I plan to write several posts about the trip, but wanted to start with the Children’s Garden at Smiley Park in Van Wert. The garden is a project of the Van Wert County Master Gardeners, and its biggest proponent and supporter is none other than Kylee’s mother, Louise Hartwig.

Louise met us at the entrance to the garden, where she’d been working in the mid-day heat and humidity. We’d had the chance to meet Louise earlier this year at the Chicago Flower & Garden Show, so weren’t surprised that she has played a large part in making the Smiley Park Children’s Garden a success. She proudly pointed out that the funding to support the garden was entirely private monetary donations or donations of goods and services from local businesses.

I was instantly impressed by the flowing lines of the garden, the use of bright colors, and variety of plants and structures to engage the children who visit. The garden is open to the public on a daily basis, but is also used for scheduled workshops and educational opportunities for the community.

The Butterfly House sits directly down the main path from the entrance. Painted bright pink and chartreuse, it brightly stands out from the surrounding garden, but is complemented perfectly by Petunia and Lysimachia in the window boxes. Built at a child’s scale, we adults had to duck to enter the house.

The backside of the butterfly house is screened to let in light and air and to keep the butterflies inside. Butterfly-attracting plants such as this Lantana are planted inside the house as food for the butterflies. There were no butterflies during our visit. The butterfly house is one of the main focal points of the garden, but also a microcosm of the challenges the garden faces as a public space. At one point after the butterfly house was installed, vandals broke through the screens and smashed every butterfly and chrysalis in the house. This incident and others have led to security cameras being installed throughout the garden.

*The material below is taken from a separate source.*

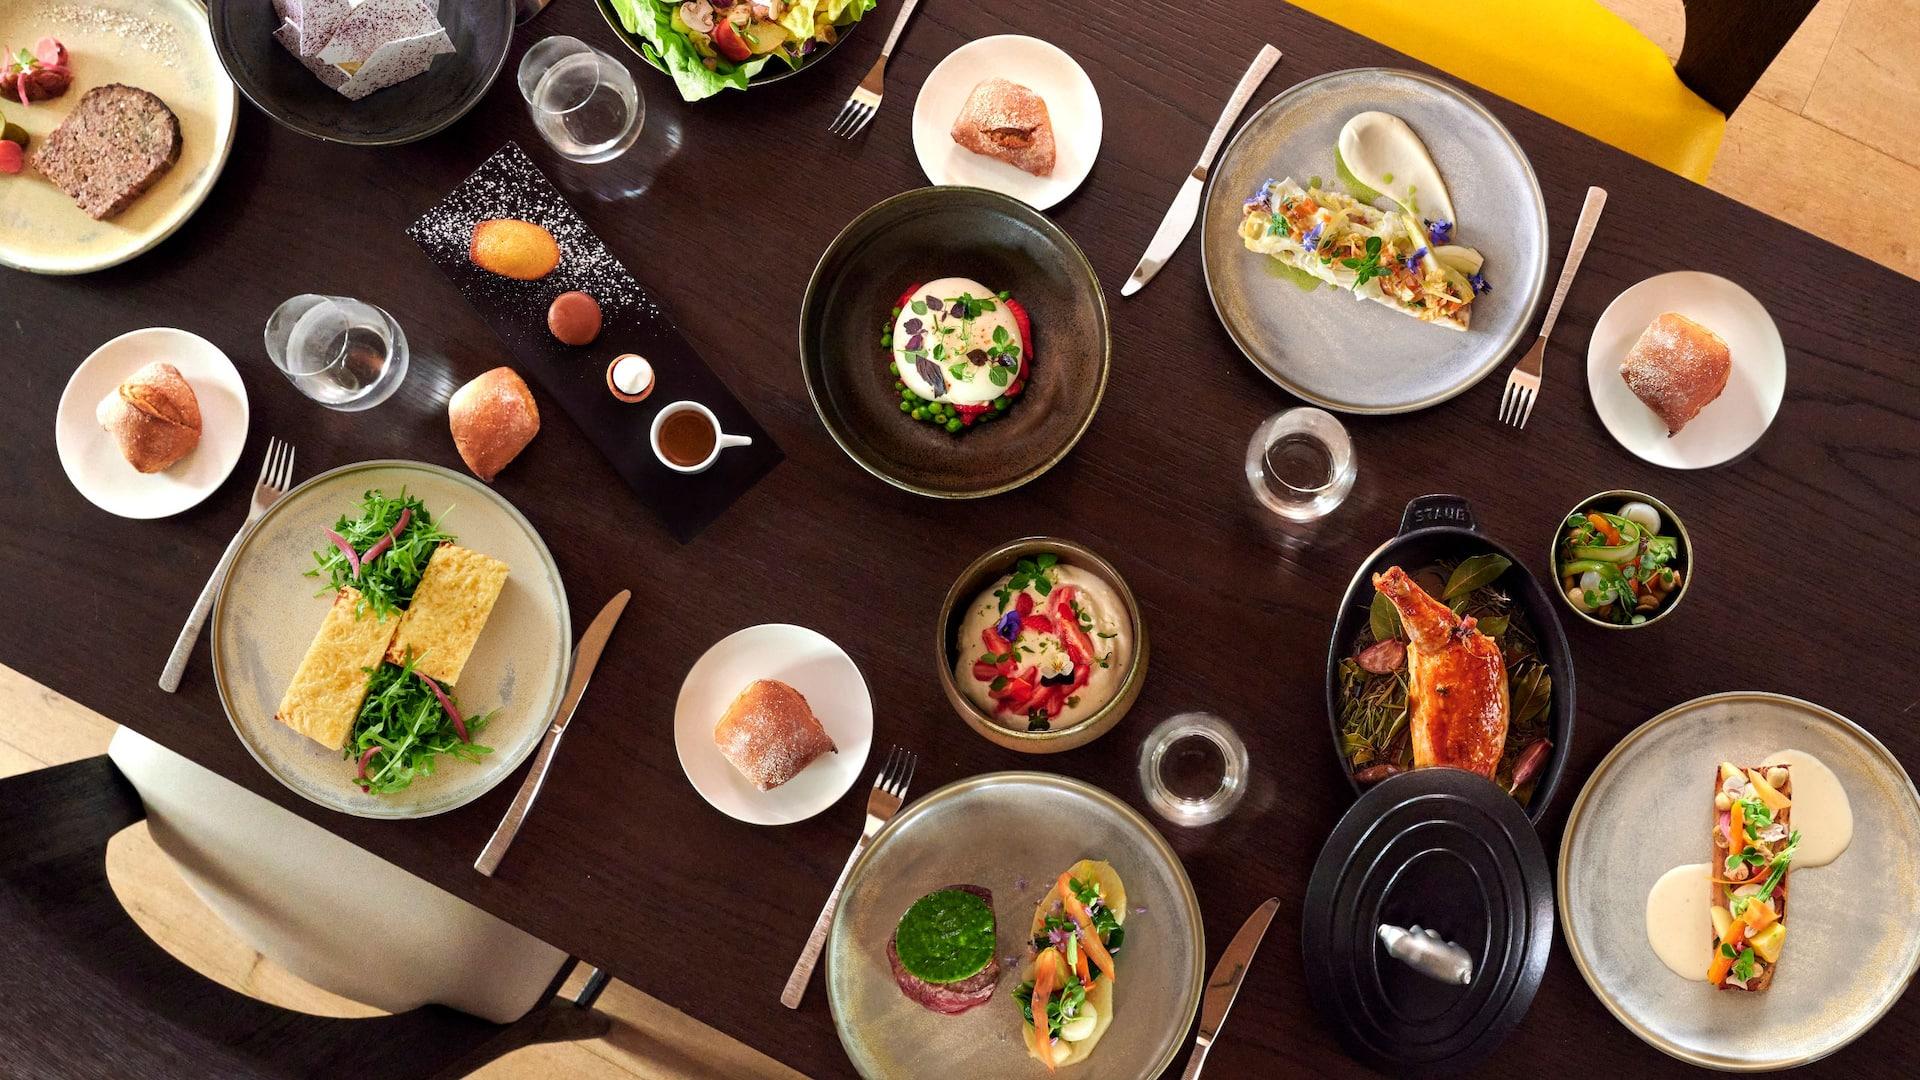 Table with gourmet food at Hyatt Paris Madeleine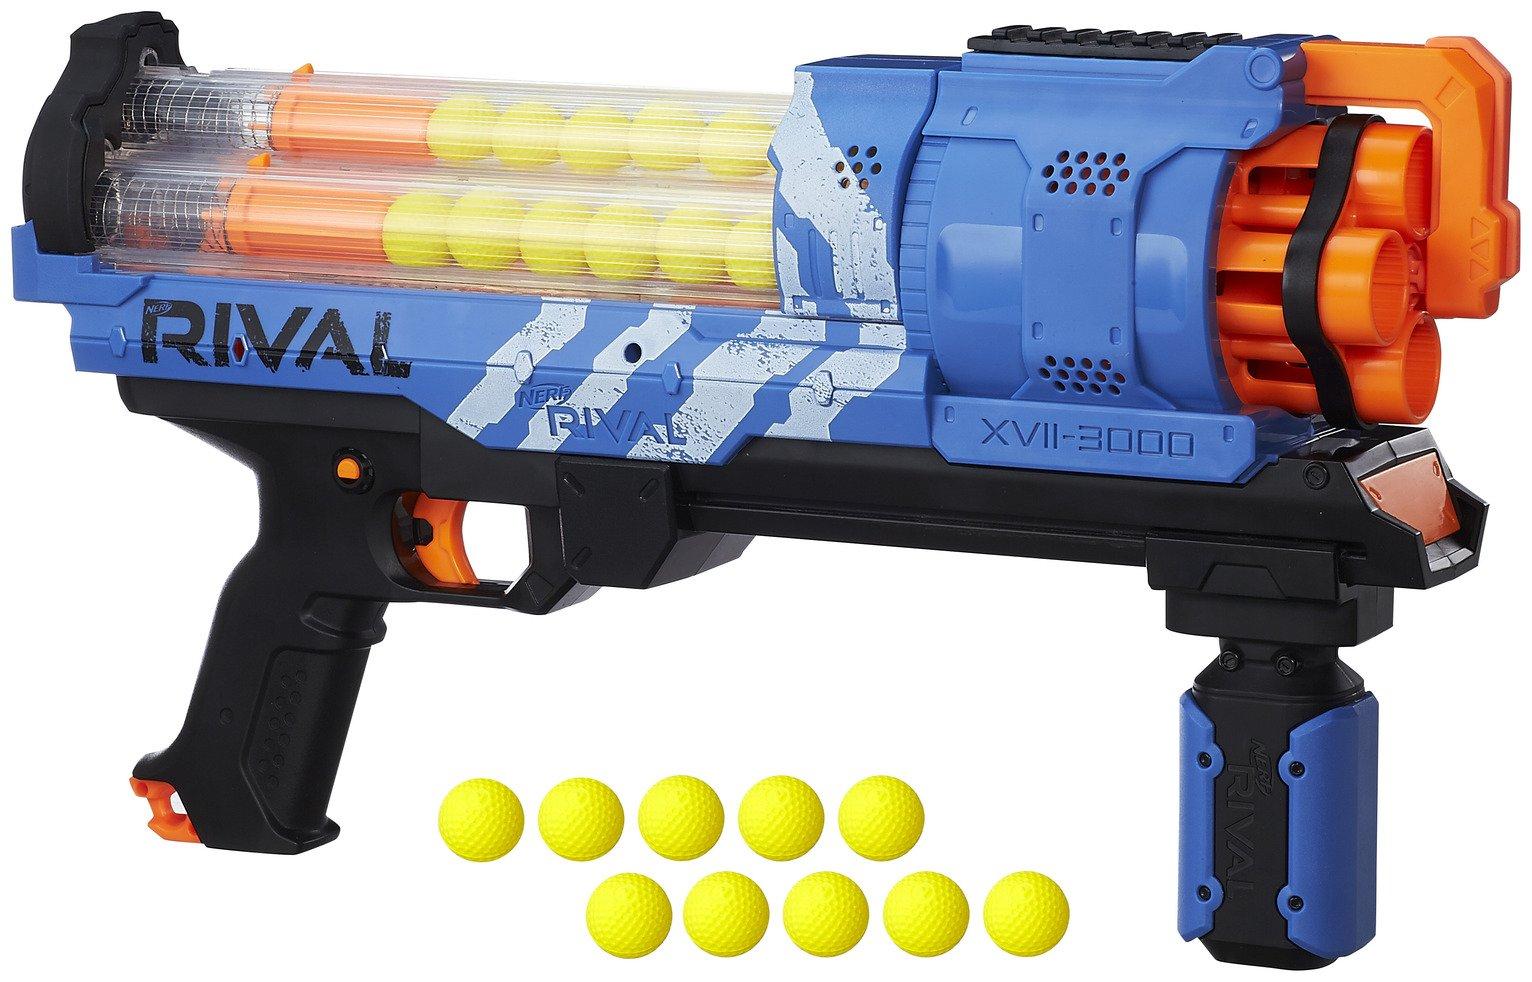 Nerf Rival Artemis XVII-3000 - Blue.

One of my favorite spots in the the garden was a small area called Melody’s Secret Garden, where an arched entranceway covered by a climbing rose welcomes visitors to a mulched oval that includes two weeping mulberries. As I climbed in under the low-hanging branches, the famous children’s song and nursery rhyme Here We Go Round the Mulberry Bush kept echoing through my head.

On the backside of the butterfly house is perhaps the most clever use of boxwood I’ve ever seen. With the addition of a few colored pipes, this undulating boxwood hedge morphs into a caterpillar garden.

Louise has been able to get plants for the garden from a variety of sources, but there is a common thread. There’s not a boring plant in the garden. A rainbow of colors and sensory overload of textures keep the eye moving from place to place — essential for keeping the interest of small children.

The plants aren’t the only points of interest. Statuary serves as visual interest for visitors both young and old. Roscoe the Rhino stands guard in the International Garden.

As I mentioned to Louise several times as she gave me a personal tour of all the areas of the garden, I was thoroughly impressed that a town the size of Van Wert could support such a huge endeavior as the Children’s Garden at Smiley Park. That support is largely due to the efforts of Louise Hartwig, who has deftly and tirelessly worked to make the garden what it is today.